Page 89 of Tag (The Golden Team #9)
Aponi
T he rotors whipped the air into a frenzy as the blacked-out helicopter touched down two miles outside the perimeter.
We moved fast—no lights, no communication chatter, just hand signals and the pounding thrum of adrenaline in my veins. Every step I took down that rocky slope was familiar and foreign all at once. Like muscle memory wrapped in ghosts.
Tag flanked me, his rifle cradled to his chest, eyes scanning the ridge. His presence grounded me. We weren’t walking into the dark alone.
Faron, Raven, and Gideon fanned out behind us, eyes alert. Gage and Cyclone guarded the helicopter, ready for extraction. Kaylie stayed back at the ops site, feeding satellite sweeps and watching every pulse of data like her life depended on it.
Because it did.
Because all of ours did.
We reached the switchback. Just like I remembered—crumbling asphalt, green sign dangling on one bent screw. The bullet holes were still there, rusted over like scars.
I crouched beside the edge of the road, traced my gloved fingers across the dirt. “This is it. Compound’s half a mile down. Keep low. They won’t see us until we’re past the tree line.”
Tag knelt beside me, eyes locked on mine. “You sure?”
“Yeah,” I said. “They trained me to come in this way.”
The irony wasn’t lost on me—using the path they taught me to destroy the home they built.
We moved through the brush like shadows, silent and precise. As we neared the clearing, I could see the faint outline of the tower—just like before. But something was different.
The camp had grown.
More buildings. More guards.
And in the center, floodlights pointed inward toward a small fenced enclosure.
Three girls.
Younger than I’d been. All barefoot. One was crying.
My stomach twisted.
Tag signaled stop. We ducked behind a rock outcrop, watching the pattern of the guards. Two by the tower. One pacing by the cage. Another on a roof with a rifle.
I pulled the rough sketch from my vest pocket—my original map from memory. There had been a hidden crawlspace under the mess hall. If they hadn’t sealed it up, it could get us into the core building undetected.
Faron nodded. “We split. Raven and I take the tower and watch from above. You, Tag, and Gideon go for the crawlspace.”
Tag looked at me. “You good?”
I nodded. “Let’s burn this place to the ground.”
We moved.
Tag and I crept along the side of the mess hall—Gideon providing cover with a silenced pistol, taking out a guard who never saw him coming.
I dropped to the ground and peeled back the old sheet of aluminum siding.
The crawlspace was still there. Smaller than I remembered. Dirt and spiders and old pipes.
“I’ll go first,” I whispered.
Tag shook his head. “No way.”
“I know the way. I’ll signal you when it’s clear.”
He looked like he wanted to argue—but he trusted me. So he nodded once.
I slid inside, heart pounding, crawling through the narrow space. It smelled like rust and old sweat, like the past trying to pull me under. But I didn’t stop.

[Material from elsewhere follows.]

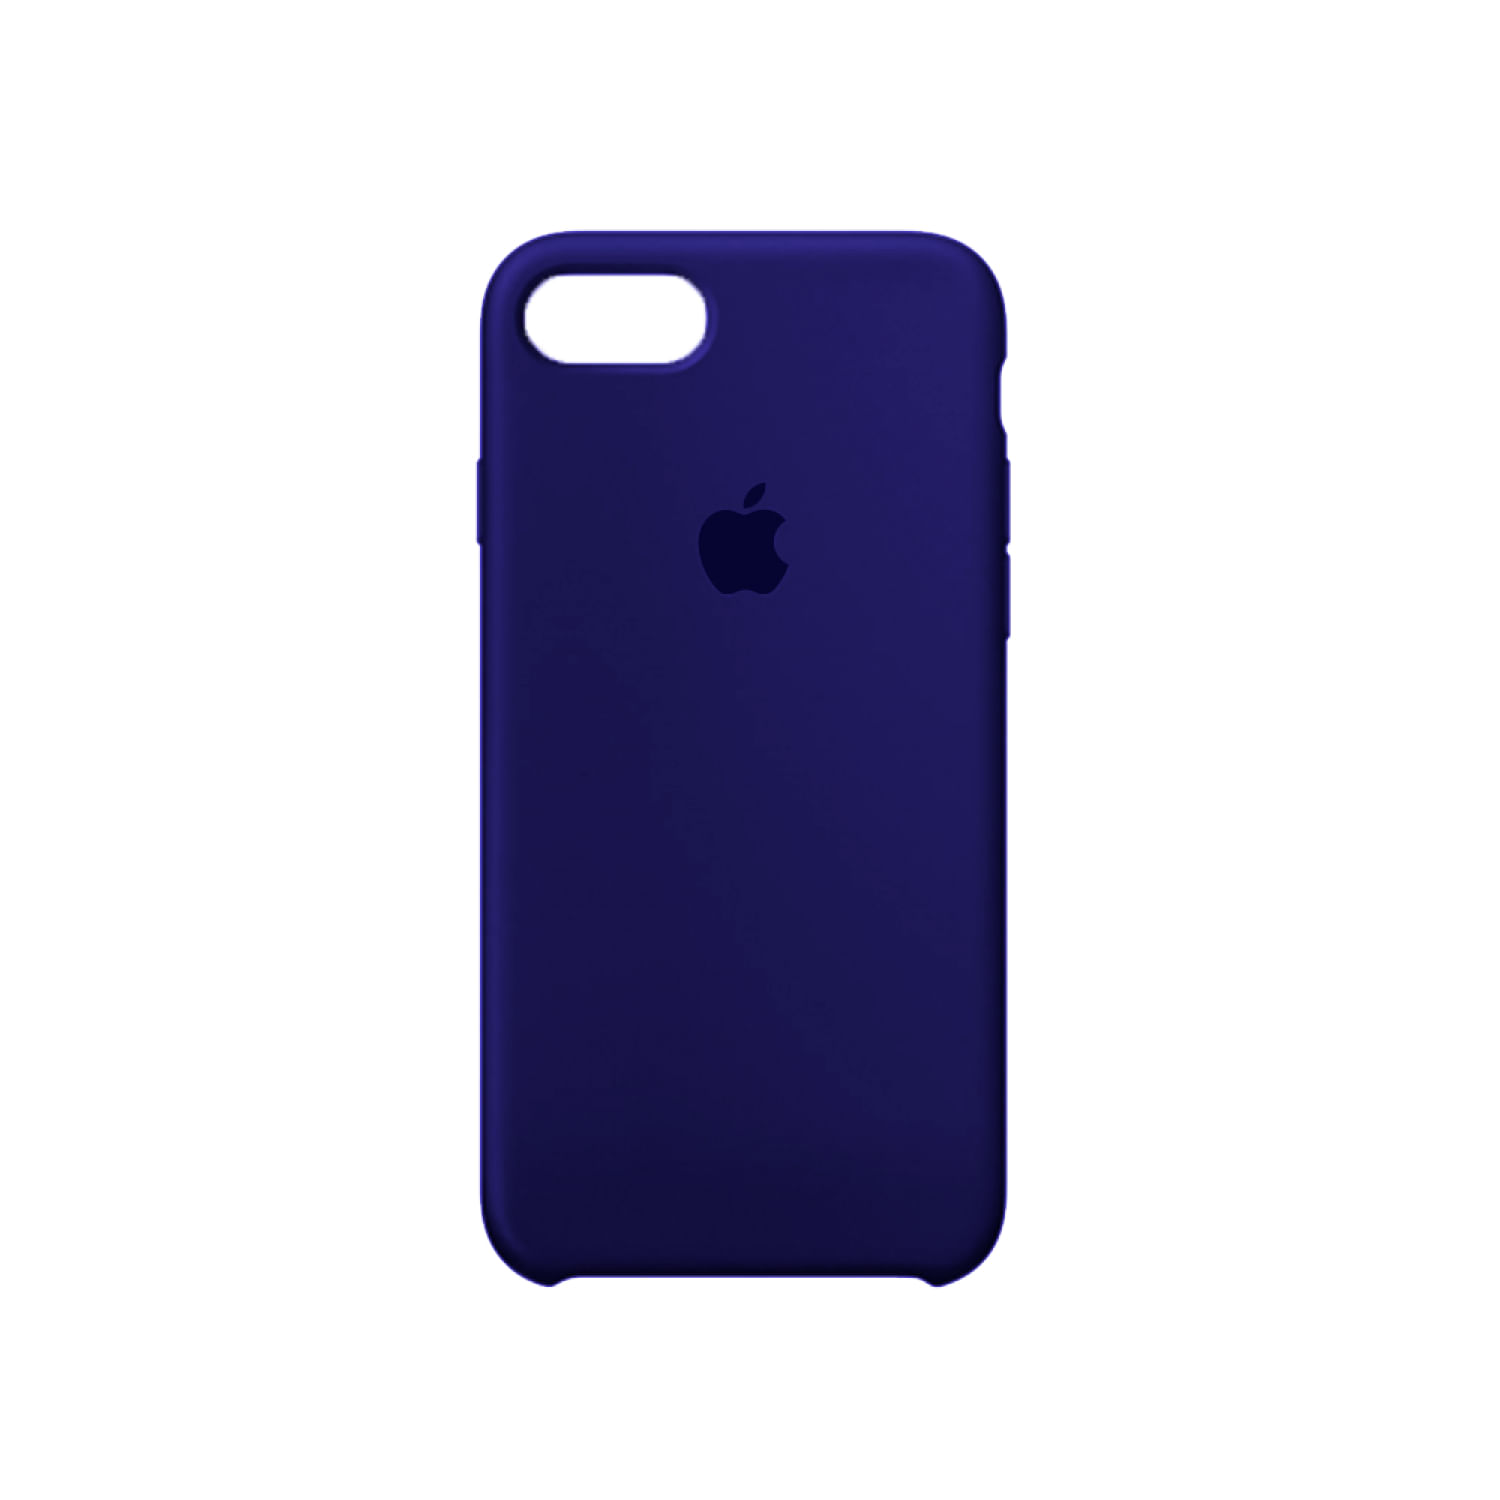 Case De Silicona Iphone 7 Azul

At the end, I popped the hidden hatch. Peeked through.
Bingo.
Main hallway. Empty. Surveillance room ten feet to the left.
I tapped twice on the pipe.
Tag followed, then Gideon. The three of us slipped out and breached the hallway.
I hit the door to the surveillance room and moved in fast, gun drawn. The guard turned—too slow.
I dropped him with one shot.
Gideon moved to the control board. “Looping the feeds. We’ve got fifteen minutes before the next security sweep notices.”
I nodded and turned to Tag. “Let’s get those girls.”